Semiconductor startup Adapteva has demonstrated a manycore floating point processor architecture that promises ten times the performance per watt as the best chip technology on the market today. The architecture, called Epiphany, is aimed initially at embedded applications, but has general applicability across all math-intensive workloads in mobile computing, telecommunications and high performance computing.

Epiphany is the brainchild of Adapteva CEO and founder Andreas Olofsson, who spent nearly 15 years as chip designer, first at for Texas Instruments and later at Analog Devices. Olofsson has managed to bootstrap his company with less than $2 million, initially paying out of his own pocket to get the company up and running. An angel investor subsequently kicked in $275 thousand followed by a $1.5 million investment from BittWare, a maker of DSP and FPGA boards.

As a chip designer, Olofsson’s principle focus was in DSP designs, which he says is an excellent model for processors that need to optimize data movement and throughput in an extremely energy constrained environment. Unlike a DSP, however, Epiphany is a general-purpose design that can execute any ANSI C programs.

The architecture is a 2D mesh of general-purpose RISC cores hooked up via a high bandwidth, low latency on-chip network. The current implementation has 16 cores, but a 4 thousand core version is already in the works. The design is similar to Tilera‘s manycore chips, but with a singular focus on floating point execution. As Olofsson puts it: “We can run any program out of the box, but where we really shine is floating point processing.”

Specifically, the architecture is designed to run the inner loops of math codes with the utmost efficiency. Workloads like image processing, speech recognition, and any other sort of pattern matching code that relies heavily on vector math is right in Epiphany’s wheelhouse.

Imagine a future iPhone 9 with Epiphany on-board. One might be able to hold a conference call between individuals in the UK, China and India and all three people would hear the conversation in their native language thanks to real-time translation. Or the same phone could take a photo of a crowd of people and on-board image recognition software would instantly identify the faces and tell you who they are. Today, these types of applications are possible on an HPC cluster (or perhaps a really souped up GPU-accelerated workstation), but making them available on mobile devices like smartphones and tablets is still science fiction.
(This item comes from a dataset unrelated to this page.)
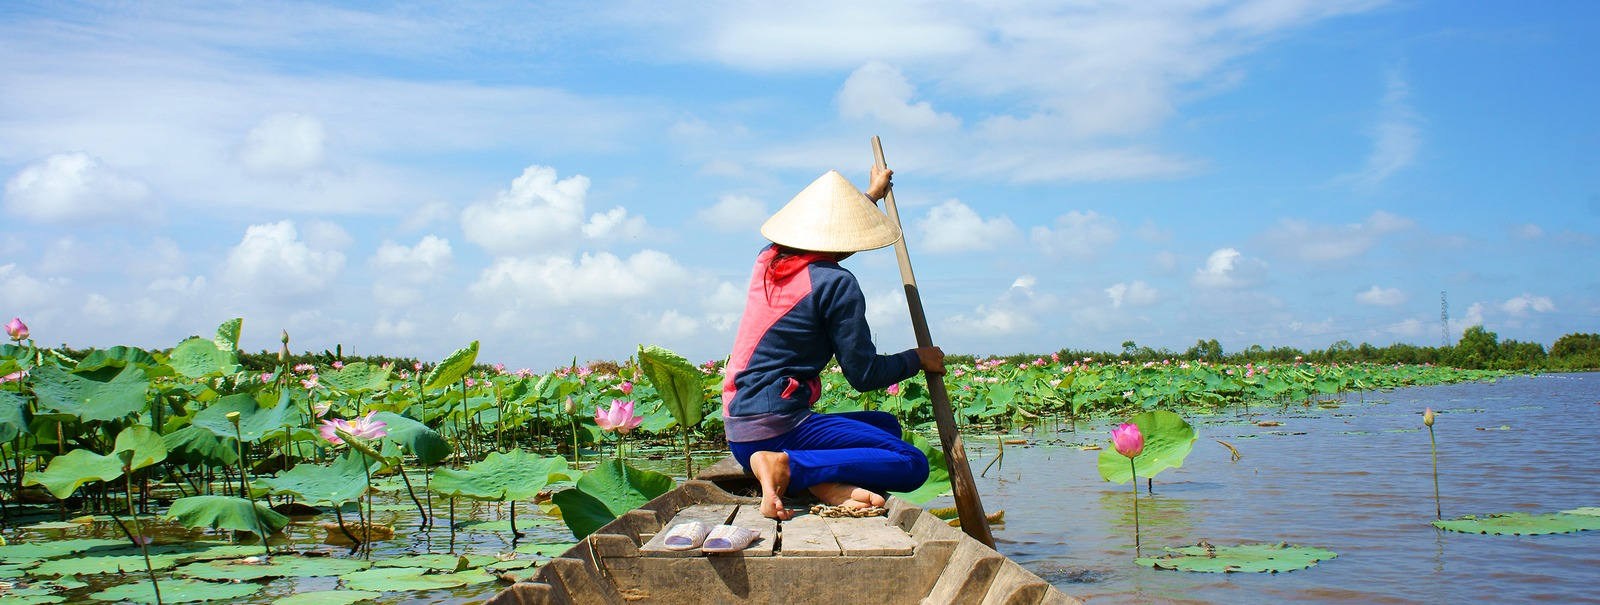 Authentisches Vietnam: beste Mekong Delta-Reise

Besides the emphasis on floating point horsepower, the Epiphany design departs from traditional CPUs in a number of ways. To begin with, the processor doesn’t have a hardware cache. Each core has 32 KB of local memory, which is accessible by all the other cores, but access to this memory must be done explicitly in the software. That’s a very different programming model than that used in mainstream CPUs today. “Once you throw away the cache hierarchy, a lot of the inefficiencies of general-purpose architectures go away,” explains Olofsson.

Without the hardware cache, data movement becomes much more efficient. Essentially, the application can perform explicit data copying with zero overhead (no cache misses or copying of unused data). But, Olofsson concedes that this model doesn’t work for the vast majority of legacy codes that assumes there is a “magic cache engine” that brings in the data automatically.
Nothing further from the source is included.